Kalbe l 32 Paare gaben sich 2019 das Ja-Wort. Das zeigt die Statistik, die Kalbes Standesbeamtin Beatrice Krause-Apel vorstellt. Das sind insgesamt weniger Eheschließungen als im Vorjahr. 2018 ließen sich 40 Paare in den beiden Standesämtern der Einheitsgemeinde Kalbe, im Rathaus sowie im Schloss Goßler, trauen.

Beim Rückblick auf 2019 lässt sich aber auch ein neuer Trend erkennen. „Die Tendenz geht zum Schloss“, sagt die Standesbeamtin. Zwar halte sich mit jeweils 16 Trauungen im Standesamtszimmer im Rathaus und im Schloss Goßler die Anzahl der Eheschließungen die Waage, jedoch im Vergleich zum Vorjahr ist der Trend klar zu erkennen. 2018 wählten noch 26 Paare das Trauzimmer des Rathauses und nur 14 Paare schlossen im Schloss den Bund für‘s Leben. Ein Grund für die steigende Beliebtheit der Schlossheirat könnte das festliche Ambiente im Objekt sein.

Zwei gleichgeschlechtliche Trauungen

2019 gab es zwei gleichgeschlechtliche Eheschließungen. 2017 wurde diese erlaubt. Im selben Jahr gab sich daraufhin ein gleichgeschlechtliches Paar in Kalbe das Ja-Wort. Im darauffolgenden Jahr keine.

Außerdem lässt sich weiterhin feststellen, dass das Heiraten in den Sommermonaten beliebt ist. So waren die meisten Trauungen im Juni (5), Juli (7) und August (4) zu verzeichnen. Im Mai, Oktober und November fanden jeweils drei Trauungen statt. Und auch im Winter ist es gar nicht mehr so ungewöhnlich, dass Paare Hochzeit halten. So gab es in 2019 im Dezember, im Januar und im März jeweils eine Trauung. Im September, einem Monat, der Schönwettertage zu bieten hat, heiratete 2019 kein Paar.
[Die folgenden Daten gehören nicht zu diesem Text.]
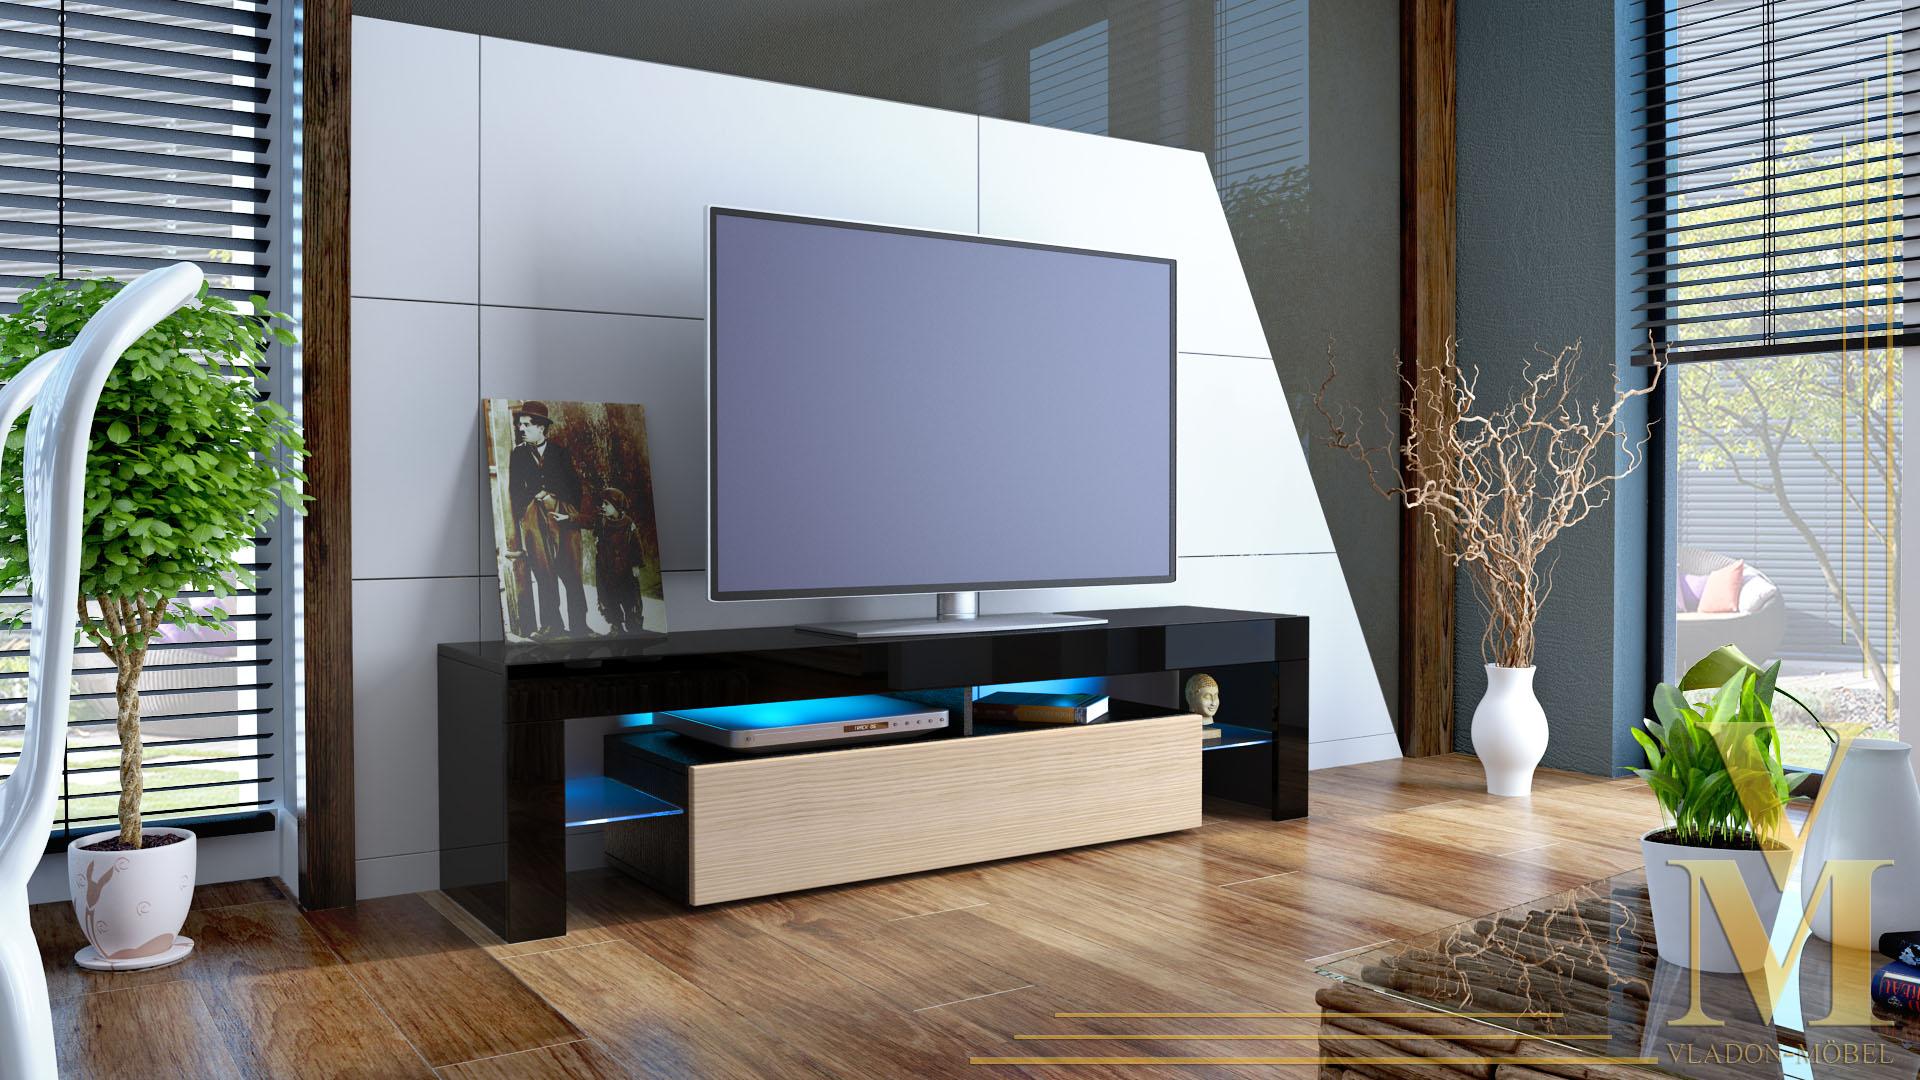 lowboard tv board kommode tisch rack moebel lima schwarz hochglanz amp. Black Bedroom Furniture Sets. Home Design Ideas
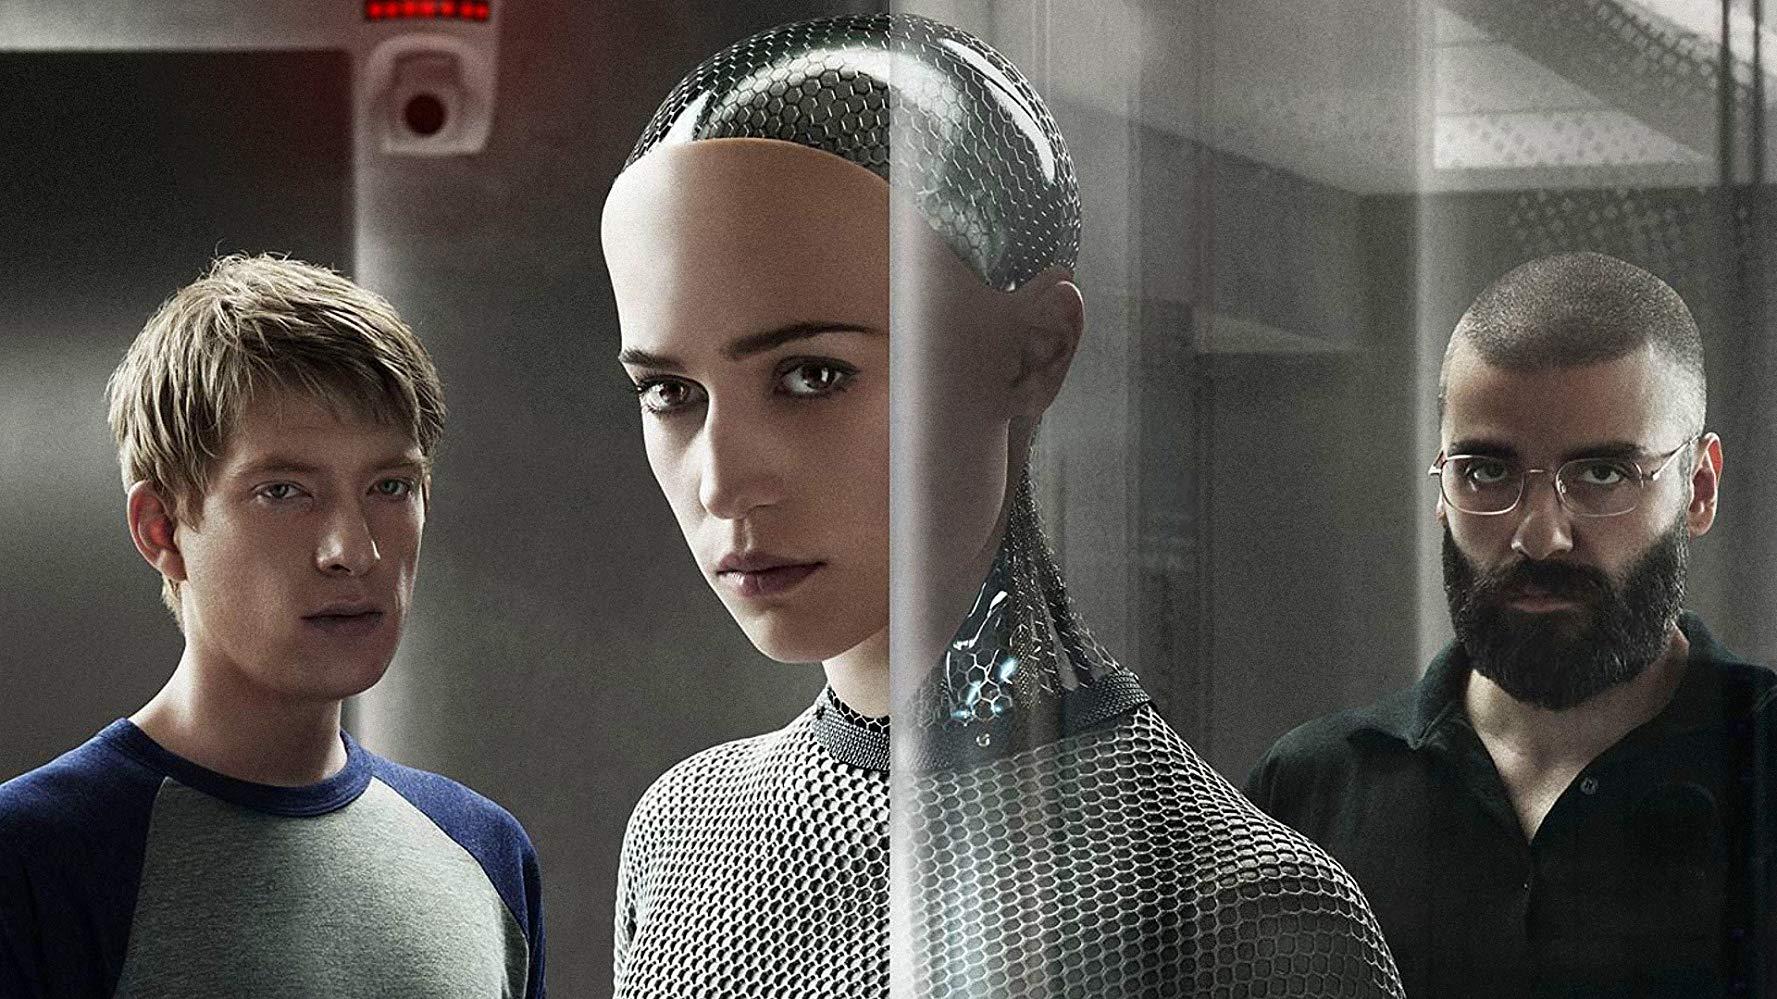 در آینده فیلمهای بسیار بیشتری در مورد هوش مصنوعی ساخته خواهد شد اما ممکن است که این ژانر فرعی در آینده جایگاهی خارج از ژانر علمی تخیلی داشته باشد.

Schon 20 Voranmeldungen für 2020

Bei den Wochentagen zeichnet sich die Beliebtheit für Freitag und Sonnabend ab. Grundsätzlich werde aber an jedem Werktag geheiratet, so die Standesbeamtin.

Als Datum für die Eheschließung wählen Paare gern einen besonderen Termin, manchmal ist es auch das Kennlerndatum. Oder die Hochzeit soll in einem bestimmten Monat stattfinden. Die Standesbeamtin empfiehlt daher, den gewünschten Termin schon rechtzeitig registrieren zu lassen. So darf die Ehe vom Gesetzgeber her ein halbes Jahr vor Eheschließungstermin angemeldet werden. Dennoch ist es möglich, schon früher den Wunschtermin vormerken zu lassen. Für Paare, die nächstes Jahr, also 2021, heiraten wollen, können in Kalbe ab Oktober diesen Jahres Termine vorgemerkt werden.´Das Vormeldeprinzip für dieses Jahr haben die heiratswilligen Paare schon rege in Anspruch genommen. „Ich habe schon 20 vorgemerkte Termine“, berichtet Beatrice Krause-Apel.

Immer ein besonderer Moment

Den Beruf der Standesbeamtin führt Krause-Apel sehr gern aus. Ihre Haupttätigkeit ist die Sachbearbeitung und Beurkundung von Personenstandsfällen, also von Geburten, Eheschließungen und Todesfälle. In diesem Zuge ist sie auch Ansprechpartnerin bei der Namensführung der Bürger. Ein besonderer Moment ist für die 31-Jährige, die seit April 2017 Standesbeamtin ist, aber jedesmal wieder eine Eheschließung.

„Es ist immer wieder etwas Besonderes. Und es wäre auch schlimm, wenn es nicht so wäre.“ Schließlich möchte Krause-Apel die Trauung so individuell wie möglich für das Paar gestalten. Dazu lässt sie sich im Vorfeld die Geschichte des Paares erzählen. Gemeinsam mit ihm werde auch die Musik ausgesucht, die während der Zeremonie gespielt wird. Der Moment des Ja-Wort-Gebens soll schließlich ein besonderer Moment für das Paar werden.